Slice cultures were fixed by immersion in 4% paraformaldehyde in 100mM phosphate buffer (PB, overnight at 4°C), and washed in PB saline (PBS). Filter membranes around each slice were trimmed, and each slice was individually mounted on glass slides and coverslipped using Vectashield (Vector Laboratories). CA1 pyramidal neurons displaying eYFP fluorescence throughout the entire dendritic tree and lacking signs of degeneration (e.g. dendritic blebbing) were selected for confocal imaging. High-resolution images of secondary and tertiary branches of apical dendrites were acquired with a Fluoview FV-300 laser-scanning confocal microscope (Olympus) using an oil immersion 100X (NA 1.4) objective lens (PlanApo). eYFP was excited using an Ar laser (488nm), and detected using standard FITC filters (Semrock). Series of optical sections in the z-axis were acquired at 0.1μm intervals through individual apical dendritic branches. Dendritic spines were identified as small protrusions that extended ≤3μm from the parent dendrite, and counted in maximum-intensity projections of the z-stacks using ImageJ (National Institutes of Health). Care was taken to ensure that each spine was counted only once by following its projection course through the stack of z-sections. Spines were counted only if they appeared continuous with the parent dendrite. Spine density was calculated by quantifying the number of spines per dendritic segment, and normalized to 10μm of dendrite length.
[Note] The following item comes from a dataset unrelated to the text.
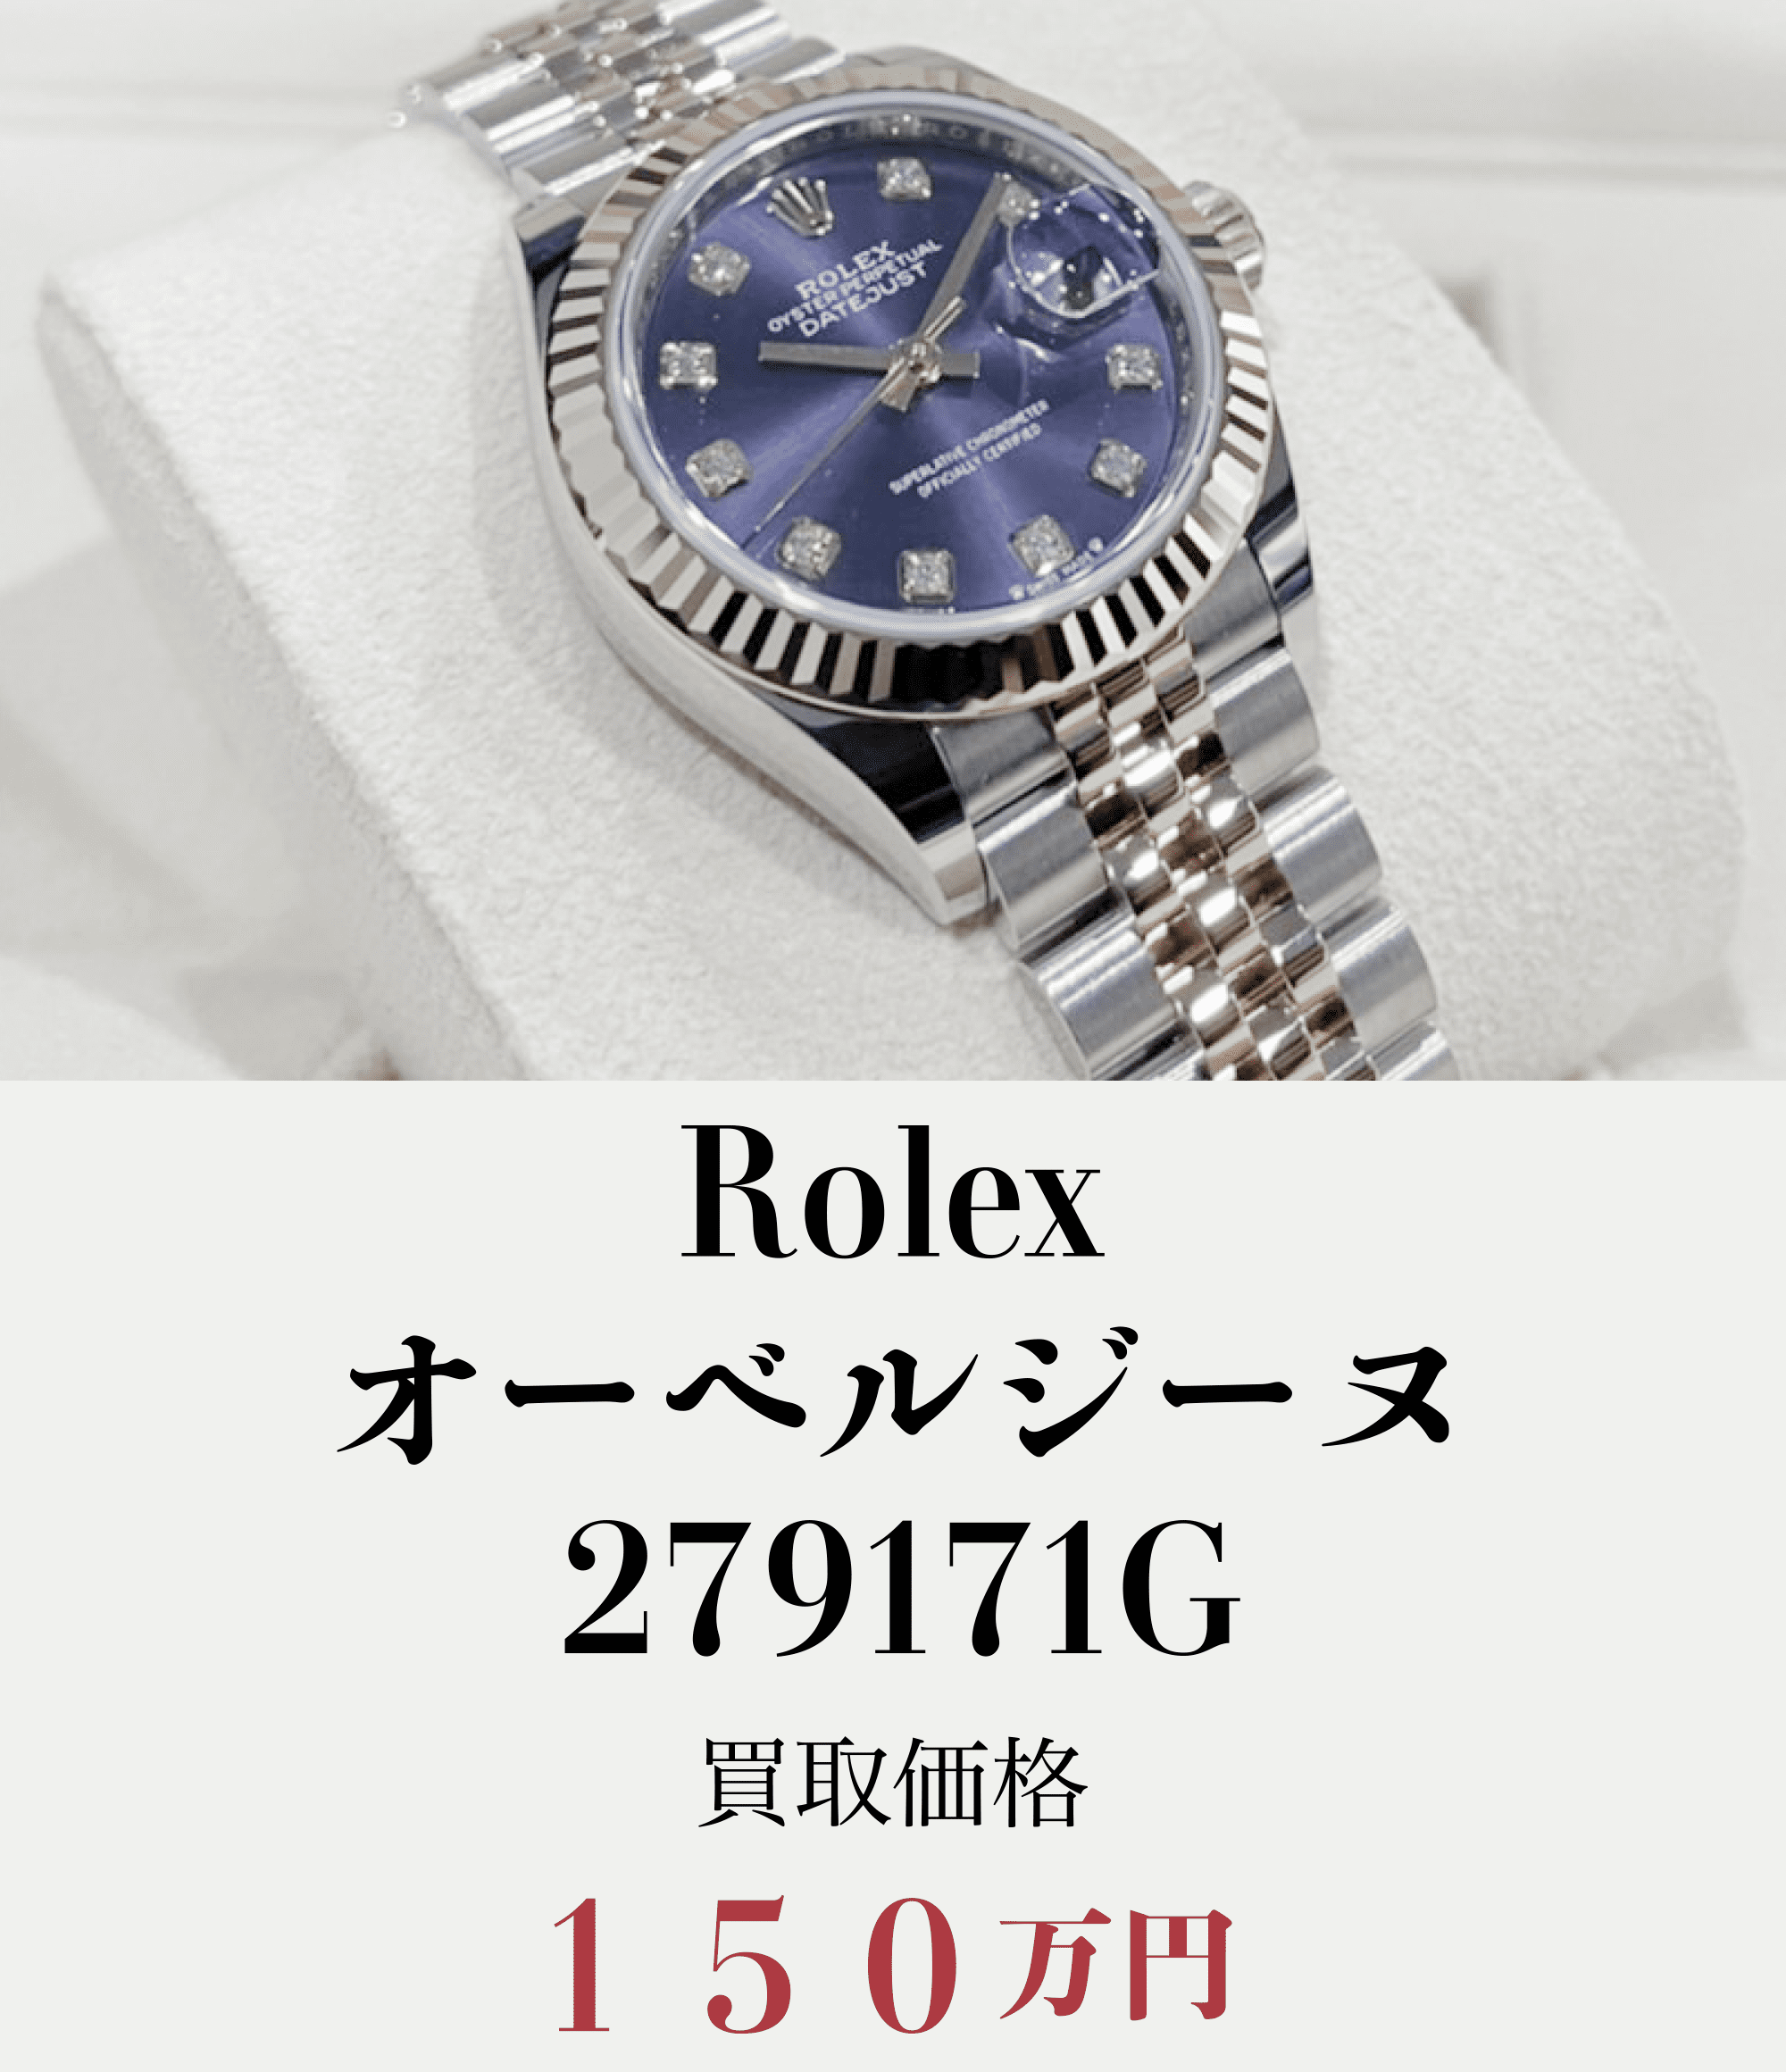 Rolex.オーベルジーヌ279171G買取価格150万円

The total length of secondary and tertiary apical dendrites analyzed was (i) DMSO controls: 714.25μm from 19 dendritic segments of 5 cells; (ii) BDNF: 678.15μm from 18 dendritic segments of 6 cells; (iii) BDNF+TSA: 368.45μm from 11 dendritic segments of 4 cells; (iv) TSA: 565.35μm from 16 dendritic segments of 5 cells); (v) SAHA: 638.6μm from 28 dendritic segments of 4 cells; vi) BDNf + SAHA: 1063.32μm from 21 dendritic segment of 8 cells.
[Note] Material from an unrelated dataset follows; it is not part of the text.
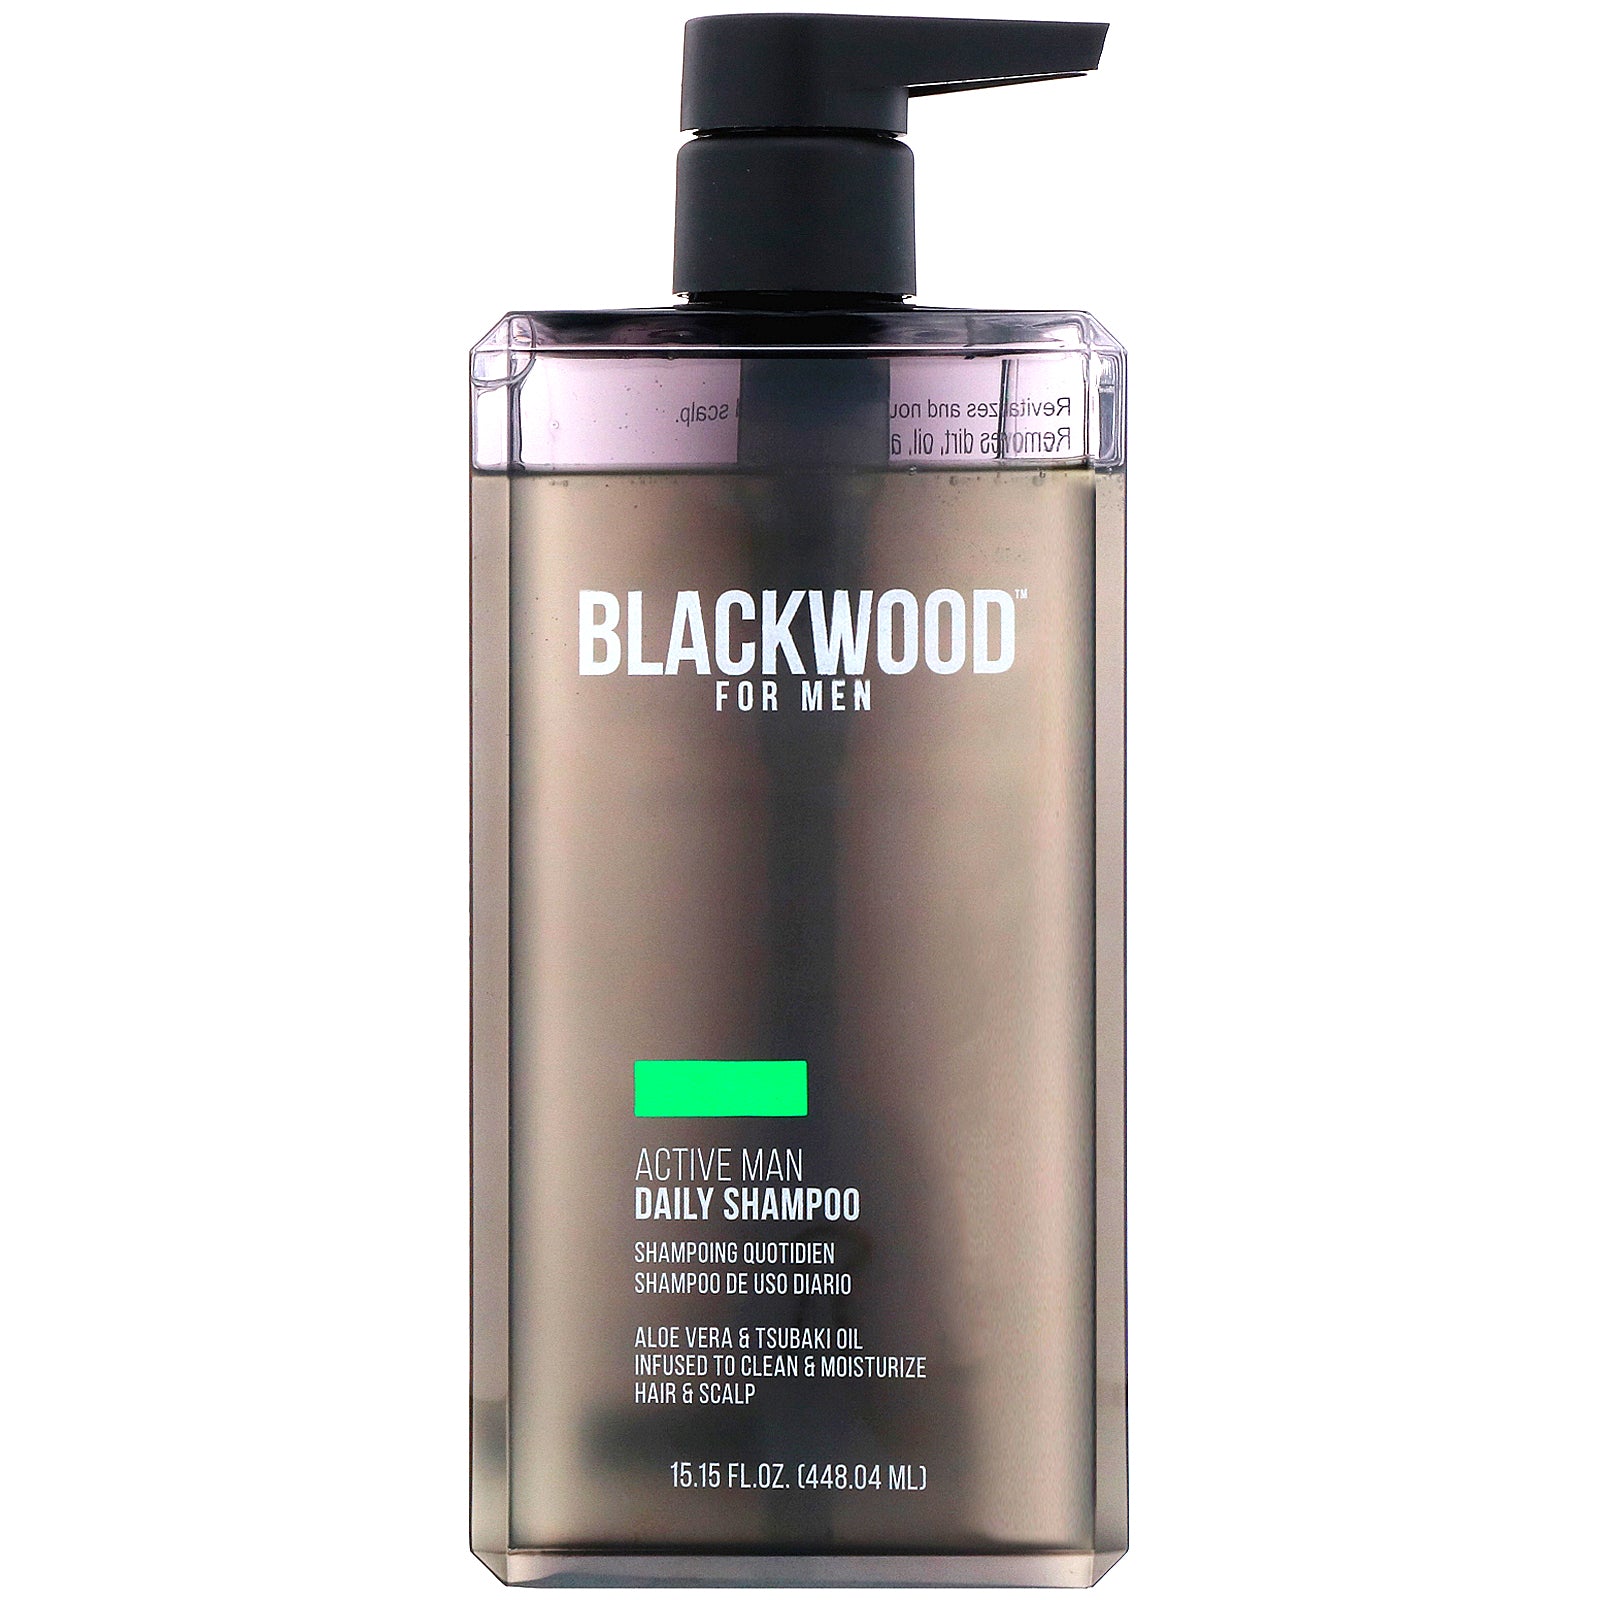 Blackwood For Men, Active Man Daily Shampoo, For Men, 15.15 fl oz (448.04 ml)

Dendritic spines were classified either as mature-shaped spines, which included type-I (stubby) and type-II (mushroom) shaped spines, or immature-shaped thin spines (type-III) based on ratios of their geometrical dimensions (length, head width and neck width), following published criteria (Boda et al., 2004; Chapleau et al., 2009; Tyler and Pozzo-Miller, 2003).
All data collection was performed in a blinded manner, i.e. the investigator analyzing data off-line was unaware of the treatment groups. Data are expressed as mean ± SD or median (quartiles). Group means were compared by unpaired Student’s t test, one-way ANOVA followed by Newman-Keul test or Kruscal-Wallis test followed by Dunn’s post-hoc test (Prism, GraphPad). Cumulative distribution probabilities were compared by Kolmogorov-Smirnov tests (Mini-Analysis). p<0.05 was considered statistically significant.
This work was supported by NIH-NINDS grants NS40593, NS057780 and NS065027 (LP-M). We thank the Alabama Neuroscience Blueprint Core Center (P30-NS57098), the UAB Intellectual and Developmental Disabilities Research Center (P30-HD38985), and the UAB Neuroscience Core (P30-NS47466) for instrumentation.